Телефон у него зазвонил, и Феодосий, не глядя, взял трубку. Ему часто звонили по вечерам и даже по ночам, потому что рестораны работали до последнего клиента, и разруливать ситуацию самому приходилось довольно часто. Что поделаешь, бизнес есть бизнес, и, если ты хочешь, чтобы он был успешным, все нужно делать самому.
— Да, — сказал он в трубку, решив, что прямо сейчас, пожалуй, встанет и доедет до «Бурраты», где съест приготовленный Денисом стейк с кровью из мраморной говядины. — Лаврецкий слушает, говорите.
— О-о-о-о, это вы, — из трубки послышался голос человека, похоже, пребывавшего в шоке от того, что его собеседником оказался именно Феодосий. — Извините, просто вы мне звонили. У меня на телефоне ваш непринятый звонок… Я не знала чей… Я думала, что-то срочное… Это Менделеева… Соня Менделеева… То есть Софья Михайловна… То есть сестра Дениса…
— Соня, как же здорово, что вы мне перезвонили. Я действительно хотел с вами переговорить. Хотел узнать, что нового слышно про это происшествие на вашей лестничной площадке?
Ему показалось, или из трубки дохнуло вдруг арктическим холодом.
— А вы почему интересуетесь, Феодосий Алексеевич?
Ну надо же, она знает его отчество, значит, специально спрашивала о нем у Дениса. Или в Интернете смотрела. Неважно. Важно, что она о нем думала.
У Феодосия вдруг резко повысилось настроение.
— Мне не нравится то, что произошло, — честно признался он. — Видите ли, Соня, я в молодости служил в армии, в спецподразделении, поэтому привык заранее ощущать возможную опасность. То есть я не хочу вас пугать, ничего страшного не случилось. То есть случилось, конечно, но, к счастью, не с вами, а с вашими соседями, и я просто хочу, чтобы с вами, наоборот, не случилось. — Он вконец запутался и замолчал, чувствуя себя идиотом.
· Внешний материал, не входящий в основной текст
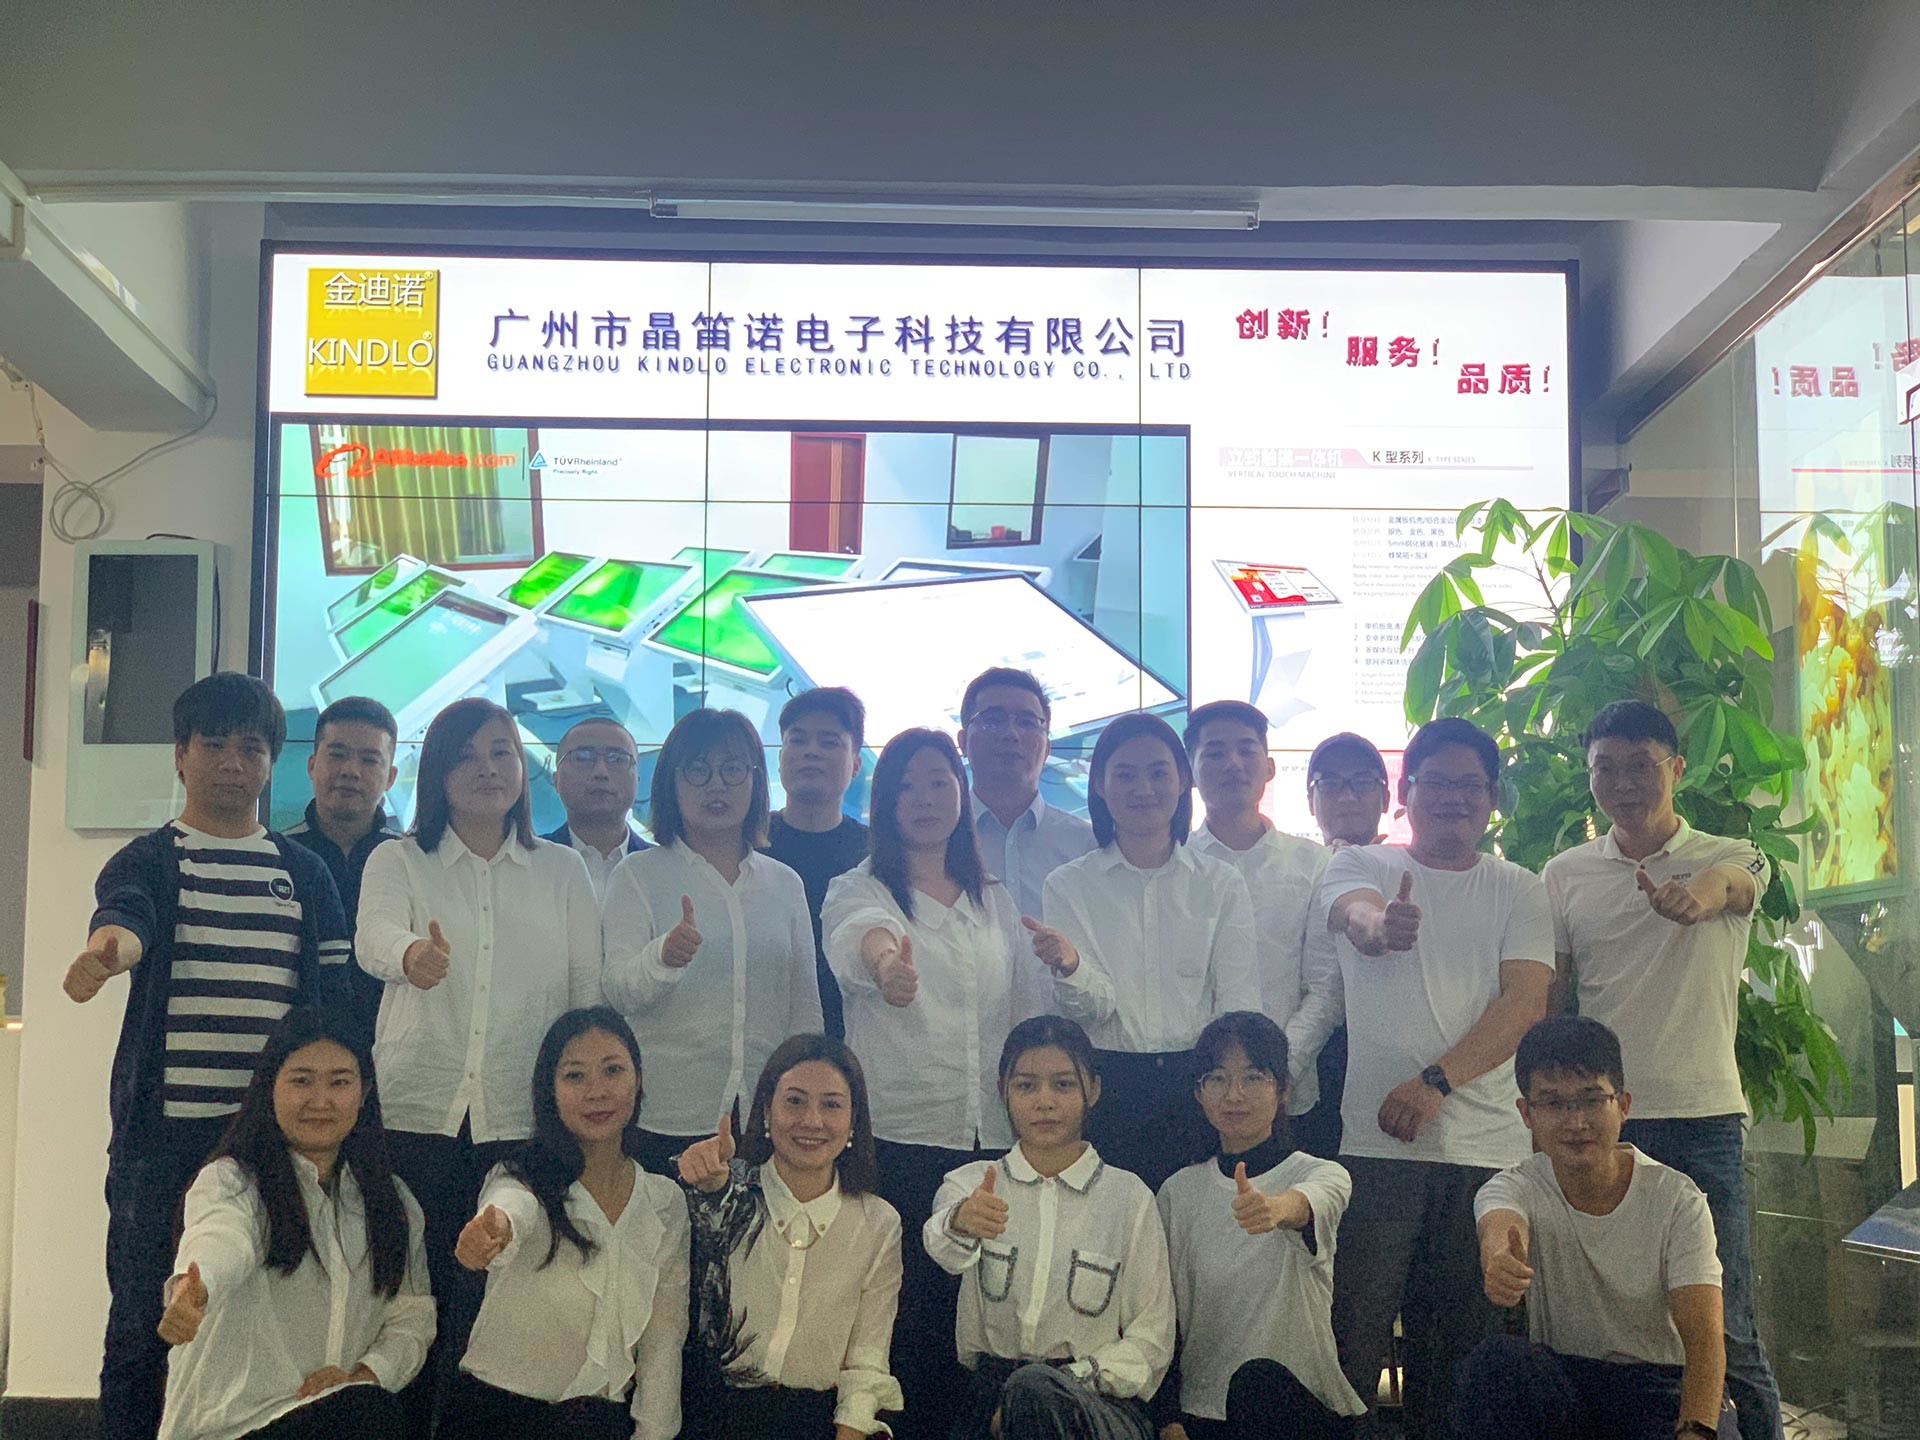 چین Guangzhou Jingdinuo Electronic Technology Co., Ltd. نمایه شرکت

Господи, что она про него подумает? Что он трех слов связать не может?
— Да, действительно происходит что-то очень странное, — согласилась Соня. — Я даже хотела вам позвонить после того, как вы позавчера ушли, просто было уже поздно, и мне стало неудобно. Мне нужно было с кем-то это обсудить, и почему-то я подумала про вас, хотя это и глупо. И вчера утром, между парами, я приезжала в ваш офис, чтобы подписать контракт, но мне было неудобно вас отвлекать.
Теперь Феодосий расстроился от того, что мог ее увидеть и не увидел.
— Соня, ну, что значит «неудобно», — вскричал он с энтузиазмом. — Конечно, вы должны все мне рассказать, потому что если что-то случится, то Денис очень расстроится. А ему нельзя расстраиваться. Он очень много работает, он — творческий человек, работа которого зависит от его настроения, и вообще ему нужно к конкурсу готовиться. Поэтому давайте мы с вами встретимся и поговорим.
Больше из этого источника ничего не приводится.